Se vislumbran proyectos a punto de caramelo para Black Horse Partners. Tanto es así que, para hablar de todo ello, una servidora engancha a Francesc Bascompte, consejero delegado de la firma, en ruta hacia Girona, con el objetivo de recoger nuevas oportunidades de inversión en la ciudad. Esta gestora privada se ha hecho un hueco sólido en el segmento inmobiliario de gama alta. “Nos centramos en mercados de alta demanda”, explica Bascompte, y matiza que “aunque parezca que hoy en día todos los mercados lo son, una vez analizada la capacidad de compra y el poder adquisitivo, es cuando se entiende qué producto busca realmente cada segmento”.
Arquitecto de profesión y con un máster en Administración y Dirección de Empresas por Esade, Bascompte -junto con dos socios provenientes del mundo inmobiliario-, ha levantado un modelo que acumula 133 millones en inversiones y que concentra su actividad entre el Empordà, Andorra y la Costa del Sol, en Estepona, Málaga. A pesar de tener sedes en Barcelona y operar desde la capital catalana, sorprende que Black Horse no tenga ningún proyecto en marcha. Bascompte atribuye esta ausencia a la ordenanza del 30% de vivienda protegida para promociones de más de 600 metros cuadrados, una normativa que -asegura- ha frenado buena parte de la actividad. “Esto ha hecho que la mayoría de promotores e inversores busquen otros mercados”, relata.
La ausencia de Black Horse en Barcelona se atribuye a la ordenanza del 30% de vivienda protegida para promociones de más de 600 metros cuadrados, una normativa que ha frenado buena parte de la actividad
“Qué más nos gustaría que poder invertir en nuestra casa, pero los números tienen que salir”, admite. Sin embargo, la firma mantiene el radar abierto en algunas bolsas de suelo de renta libre, especialmente en La Sagrera, donde ven recorrido de precio y oportunidades vinculadas a la futura estación. El barrio, señala Bascompte, “podría seguir una trayectoria similar a la del 22@ en sus inicios, con una demanda más local y movimientos de intramigración que buscan mejor precio que en el Poblenou”.

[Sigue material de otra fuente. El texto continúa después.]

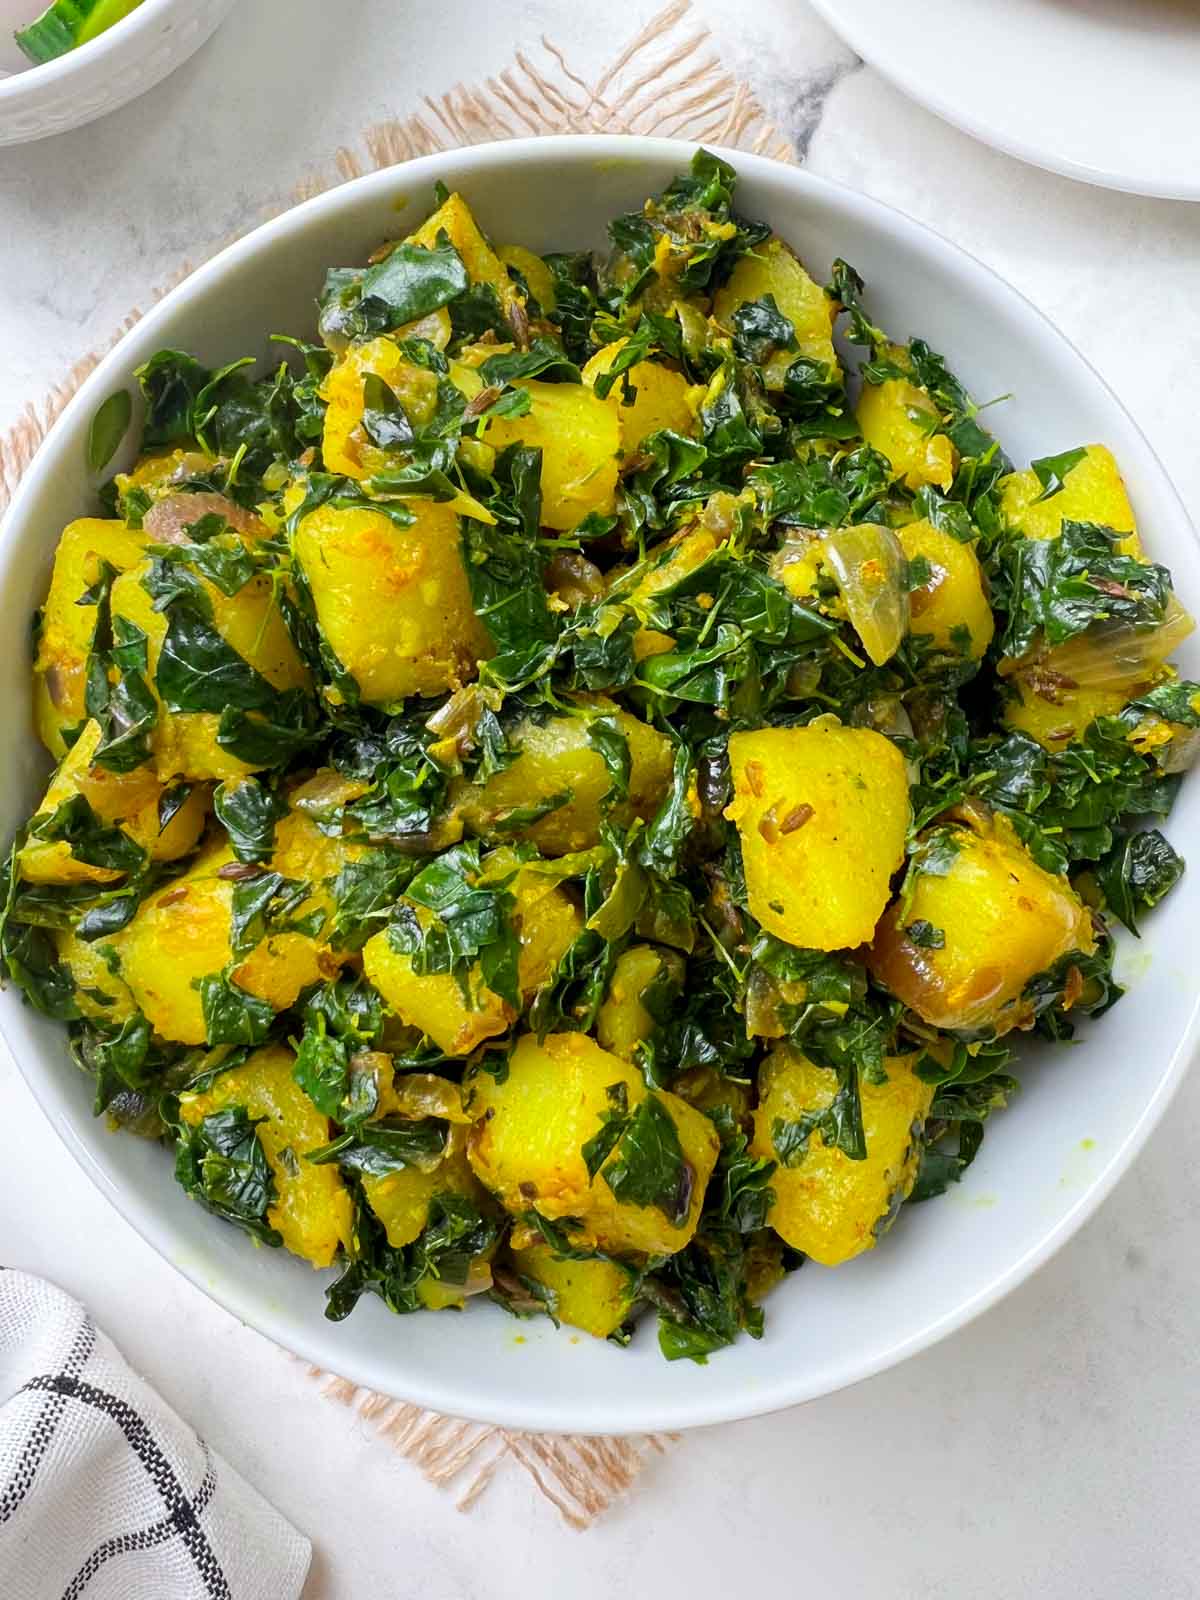 aloo moringa sabzi (potato moringa leaves) served in a bowl

Lejos de la ciudad condal, el mapa de Black Horse dibuja una realidad más dulce. En Catalunya, la compañía ha situado su centro de gravedad entre Girona y el Empordà. En Gualta, la firma ha desarrollado un conjunto de viviendas adosadas con jardín, piscina y porche, concebidos con un estilo casi hotelero: "Todas las habitaciones son suite, tienen biblioteca y los espacios se diseñan con madera, bóvedas catalanas y un punto artesanal que define el producto con el que trabajamos", describe Bascompte.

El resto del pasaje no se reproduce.